Work to be completed: Nothing after the line with "What can I say, I" belongs in the copy; extract the lines below from the top through that line, pictures left out.

Raw data:
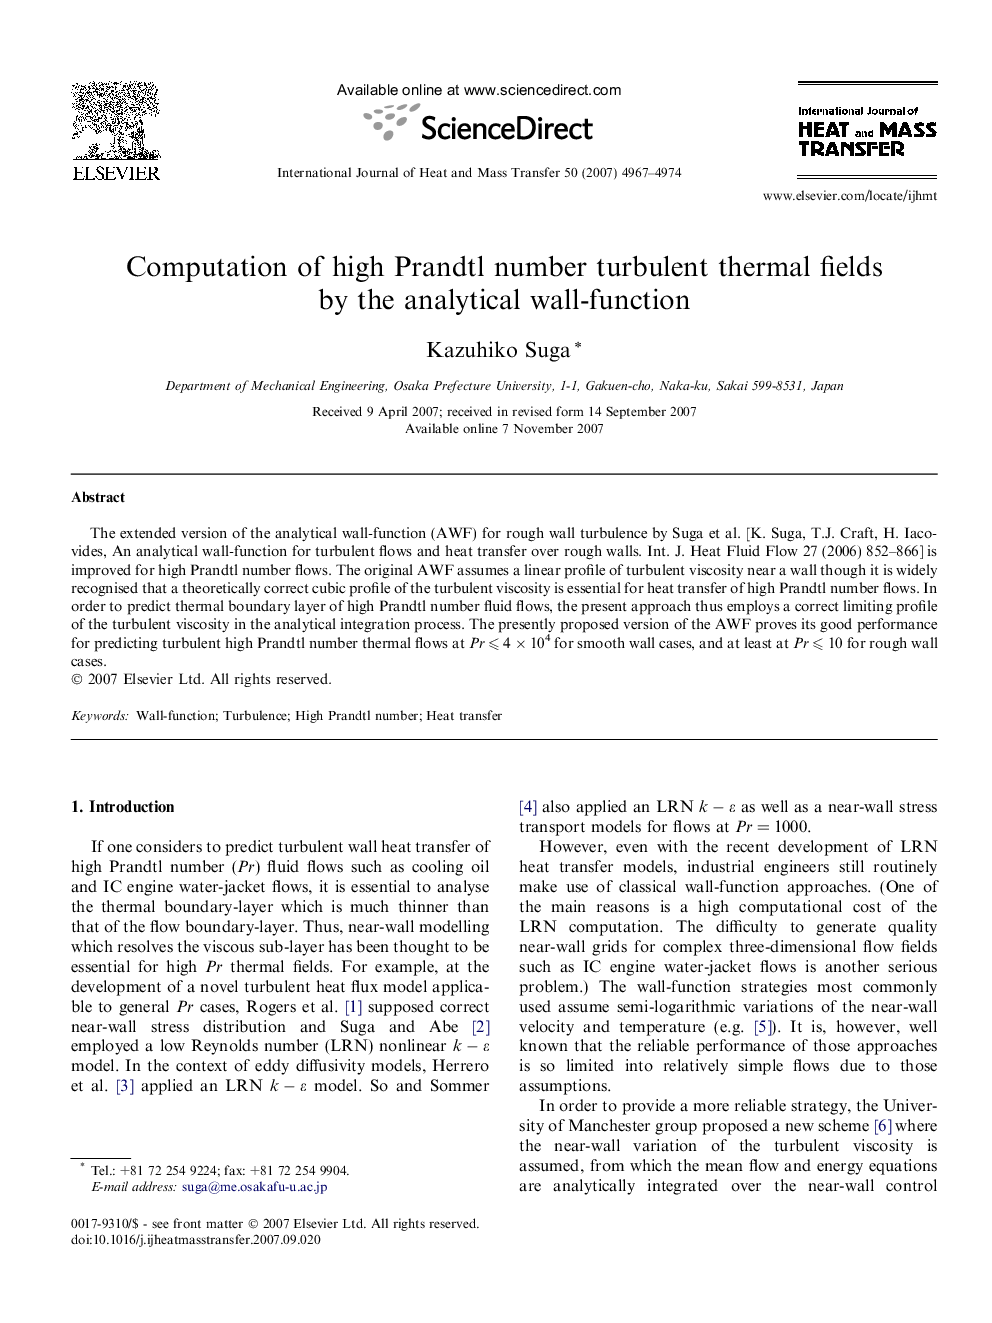 Computation of high Prandtl number turbulent thermal fields by the analytical wall-function
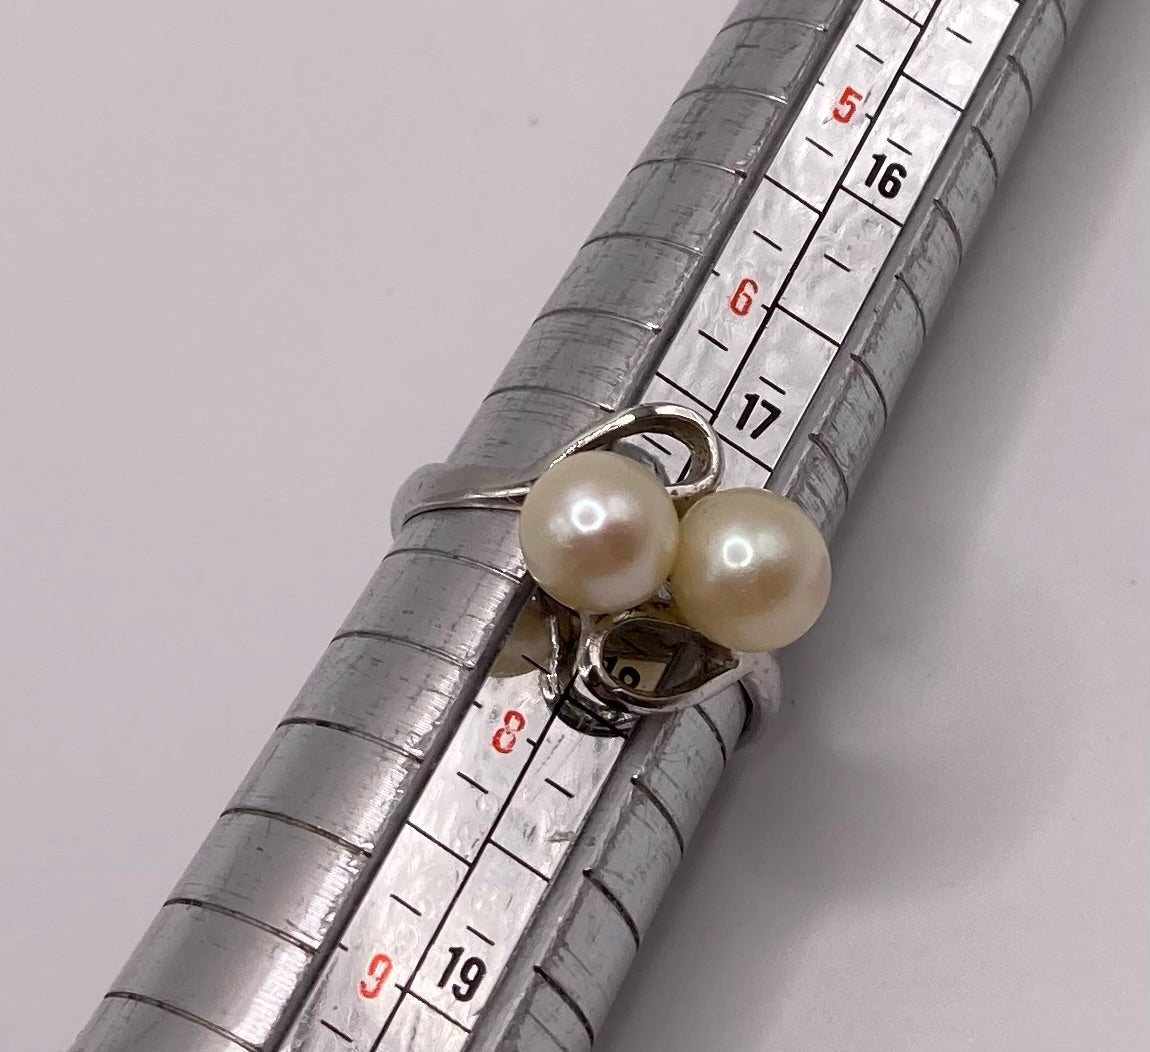 Silver Faux Pearl Bypass Ring Sz 7
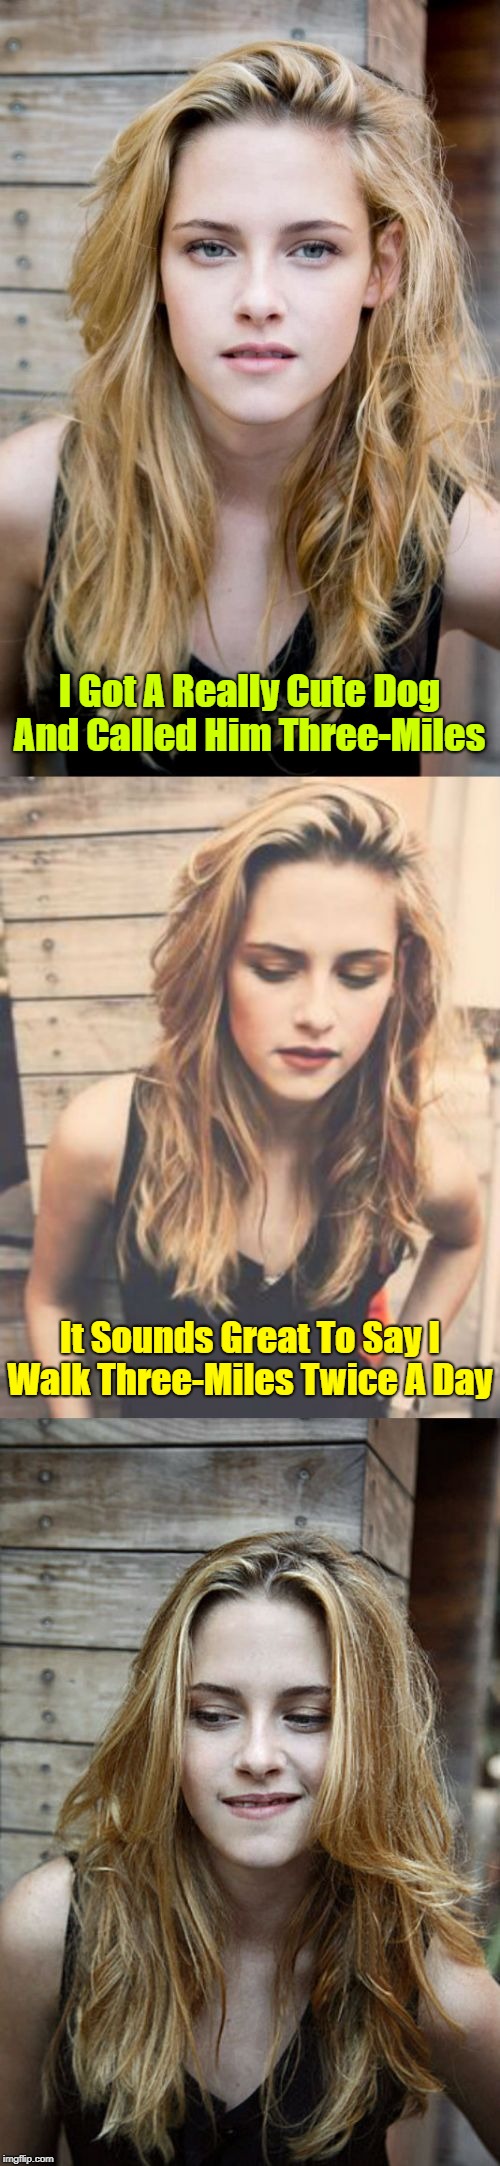 What can I say, I hate exercising  | I Got A Really Cute Dog And Called Him Three-Miles; It Sounds Great To Say I Walk Three-Miles Twice A Day | image tagged in bad pun kristen stewart 2,memes,exercise,cute dog,easy way to exercise | made w/ Imgflip meme maker
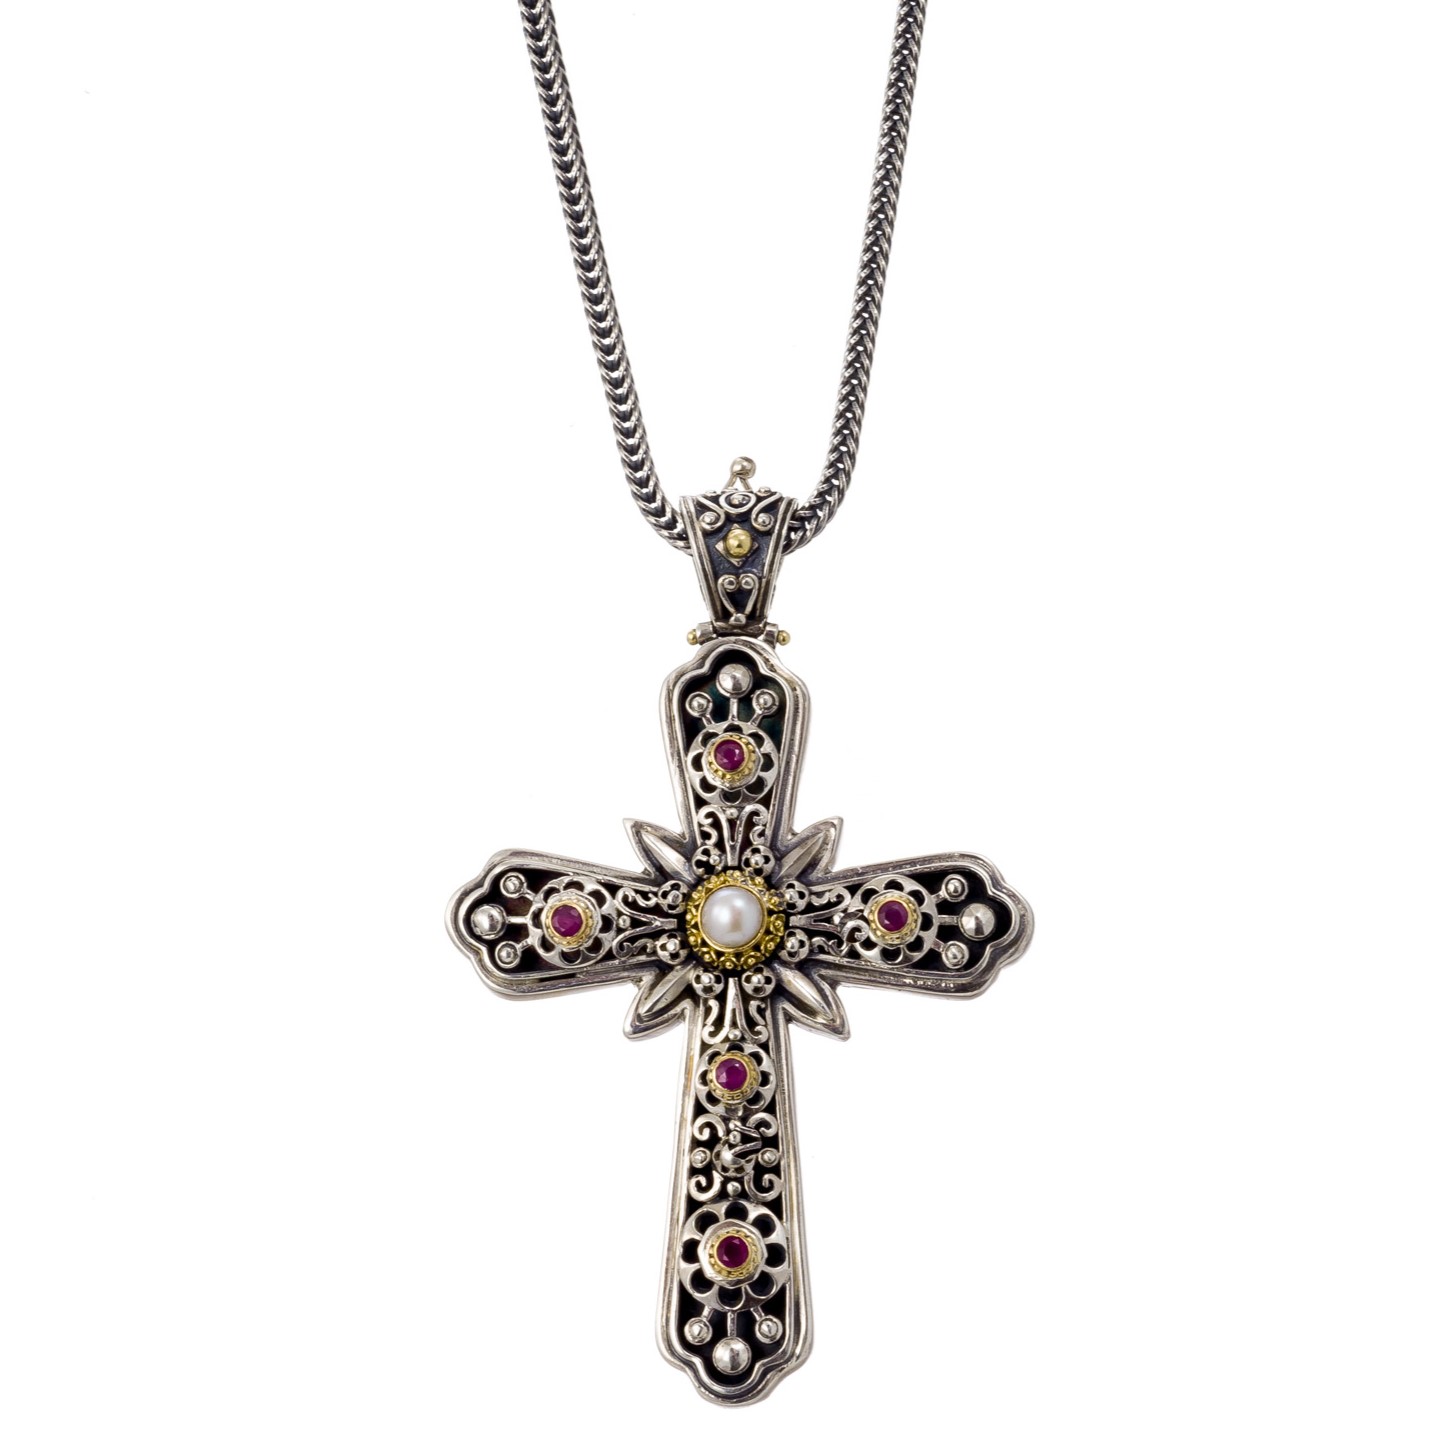 Byzantine cross in 18K Gold and Sterling silver with Gemstones

Final answer:
 Computation of high Prandtl number turbulent thermal fields by the analytical wall-function
 Silver Faux Pearl Bypass Ring Sz 7
 What can I say, I hate exercising  | I Got A Really Cute Dog And Called Him Three-Miles; It Sounds Great To Say I Walk Three-Miles Twice A Day | image tagged in bad pun kristen stewart 2,memes,exercise,cute dog,easy way to exercise | made w/ Imgflip meme maker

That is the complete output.